Но Эркин не стал цепляться, засмеялся добродушно:

— Ой, я ужасно забывчив с куревом! А вы забывчивы насчет спичек. У вас их тоже никогда нет.

Он вынул из пачки, которую ему протянул Аман, сигарету. Лихо прикурил.

Упоминание о спичках кольнуло сердце. Вспомнил, как утром сердился отец, вспомнил его укороченное, тело, торчащее на постели. «Бисмиллахи! Бисмиллахи!»

Эркин чиркнул снова спичкой, поднес ее управляющему.

— Один говорит: «У меня нет»; другой говорит: «У меня есть». Я думаю, это лучший способ жить рядом, а?

Аман не ответил.

Оба посидели молча, потягивая сигареты. В сумеречной комнате даже дым был невидим, исчезал, будто уходя сквозь стены.

— Только что по пути сюда увидел старика, вашего старика, — сказал Эркин, откашлявшись, — намертво завязал шнурки своей ушанки и крепко прирос к седлу. Он подозвал меня и послал за бутылкой красного. Я спросил: «Для чего вам?» — а он ответил: «А что? В милицию хочешь сообщить? Сразу видно, что чужак, — не знаешь, что с вином делают. Пьют, пьют, мой любезный. И вообще, чем допрашивать меня, поезжай лучше в Алатай, а то будете потом седлать курук вместо коней». Он ведь дело сказал.

— А куда держал путь? — спросил Аман.

— Направился в сторону Моты.

— Понятно, — сказал Аман. — Он с утра был в плохом настроении. Видел дурной сон. Наверняка поехал читать молитву на могиле, в которой похоронил… — Аман запнулся, подыскивая слово, — принадлежавшее ему…

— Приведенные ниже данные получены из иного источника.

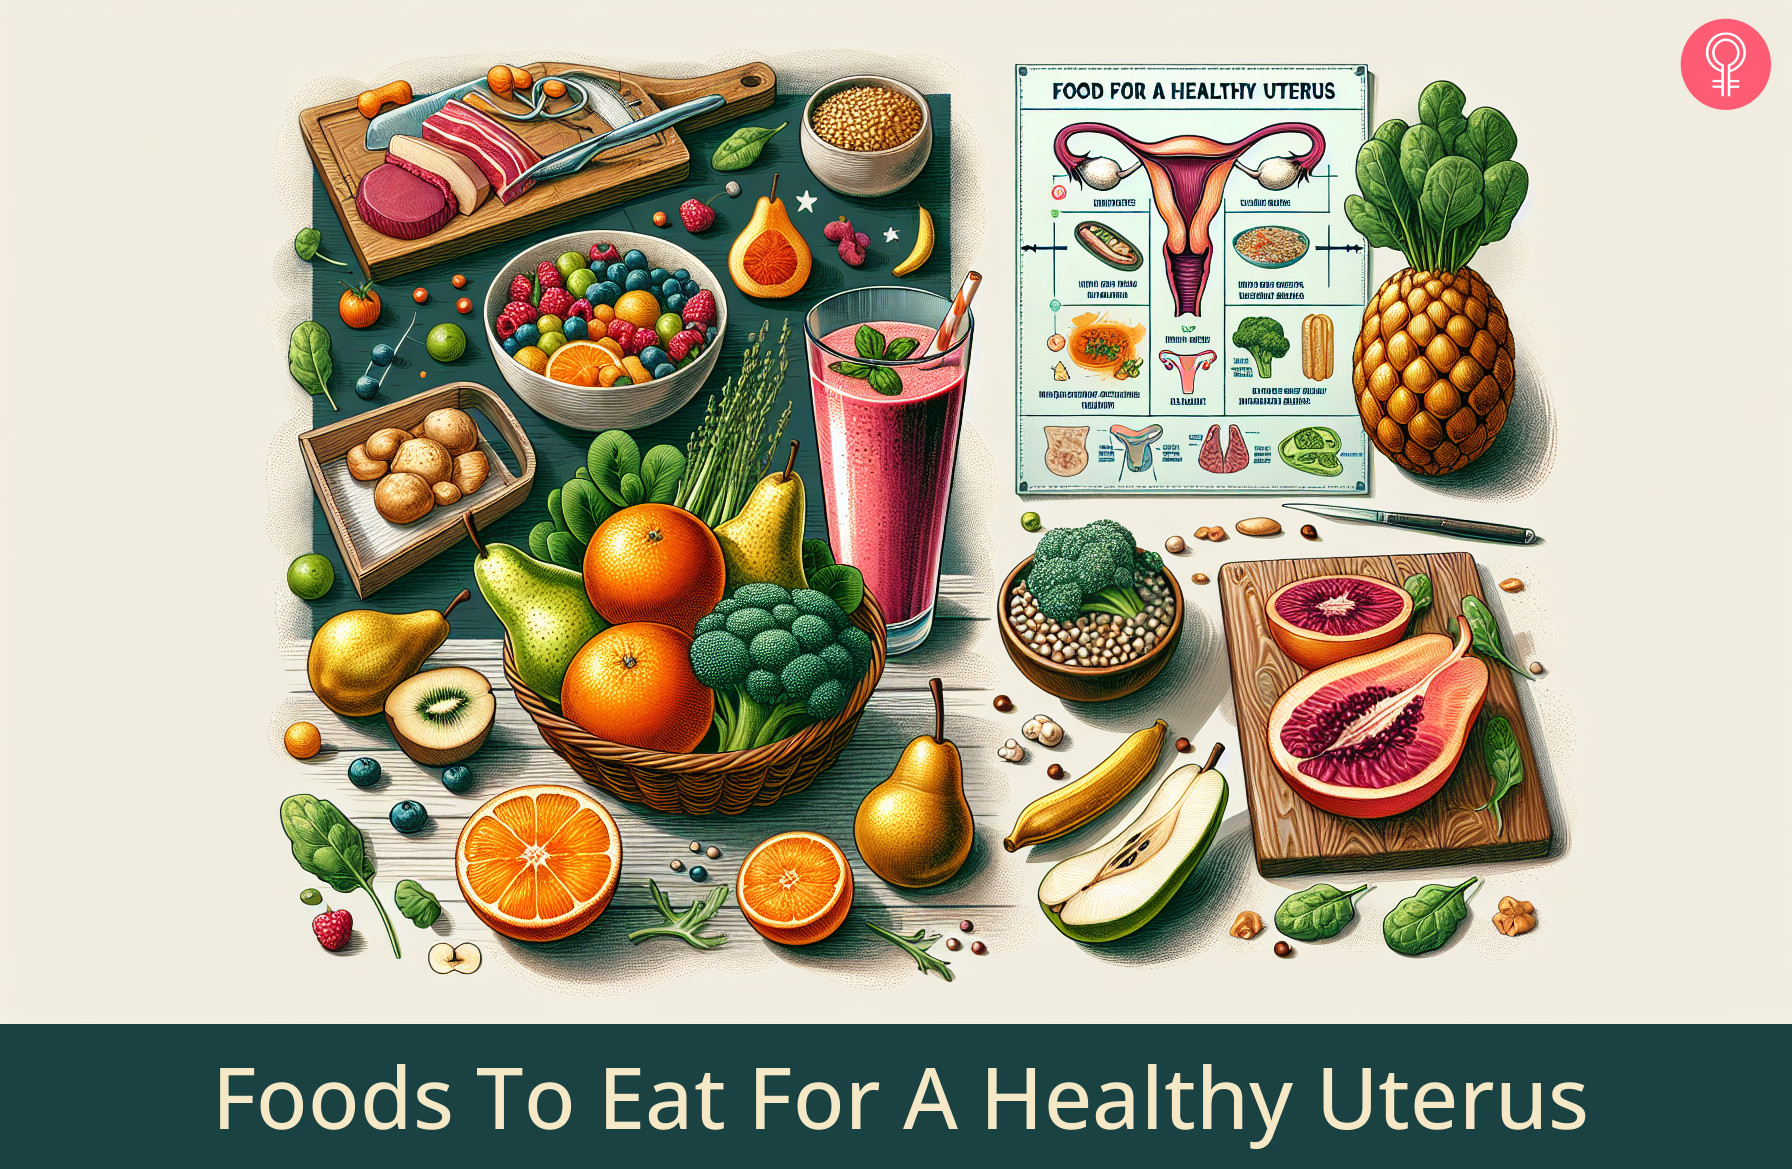 food for healthy uterus_illustration

— Апырай![7] Я слышал, что вот уже скоро тридцать лет, как Аспан-старик ездит туда, выпивает один бутылку и возвращается. Своеобразный намаз. Извините, ага, может, вам неприятно говорить об этом, но толки о странной привычке Аспана-старика было первое, что я услышал, приехав в ваши края.

— В каждом ауле есть своя достопримечательность, — холодно сказал Аман. — В нашем — странности моего отца.

— Вы меня не так поняли. Я хотел сказать, что, совершив похороны «принадлежавшего ему», он сделал что-то, удивившее людей, и все уважают его за это.

— Уважают его за мужество, проявленное при спасении поголовья жеребят.

— Да, да, конечно! Но мне кажется, что аулу нужна эта могила и нужен человек, который ее почитает. Уважение к исчезнувшему навсегда вызывает уважение окружающих.

— Да, в этом человеке многое достойно уважения, — промолвил Аман, смотря в окно. Выглядел он невеселым. — Сегодня утром он сказал, что за последние тридцать лет не помнит такого снегопада. Снег просто не дает поднять голову. Я говорю это не для красного словца. Боюсь, как бы жеребята и стригунки на зимовье Алатай не полегли все, до последнего копыта. Какое там количество голов?

— Голов двести…

— И корма неблизко, да и где взять силу, чтобы проложить дорогу через снега толщиной в человеческий рост, чтобы из скирд навозить сена? Стихийное бедствие всегда застает врасплох. Я до сегодняшнего дня надеялся, что табунщики сами пробьются к нам, но даже жигиты с самой ближней зимовки Тарбагатай вот уже третий день не оставляют следа своих коней. Похоже, что они тоже в плену у снега. Что будем делать, Эркин? — Он смял в пепельнице окурок, смотрел выжидающе.

— Нужно подумать.

— Думай не думай, а возможность связаться с ними только одна — кому-то сесть на коней и поехать.

— Кому?

— Например, нам.

— Центральное отделение тоже нельзя оставлять на волю аллаха.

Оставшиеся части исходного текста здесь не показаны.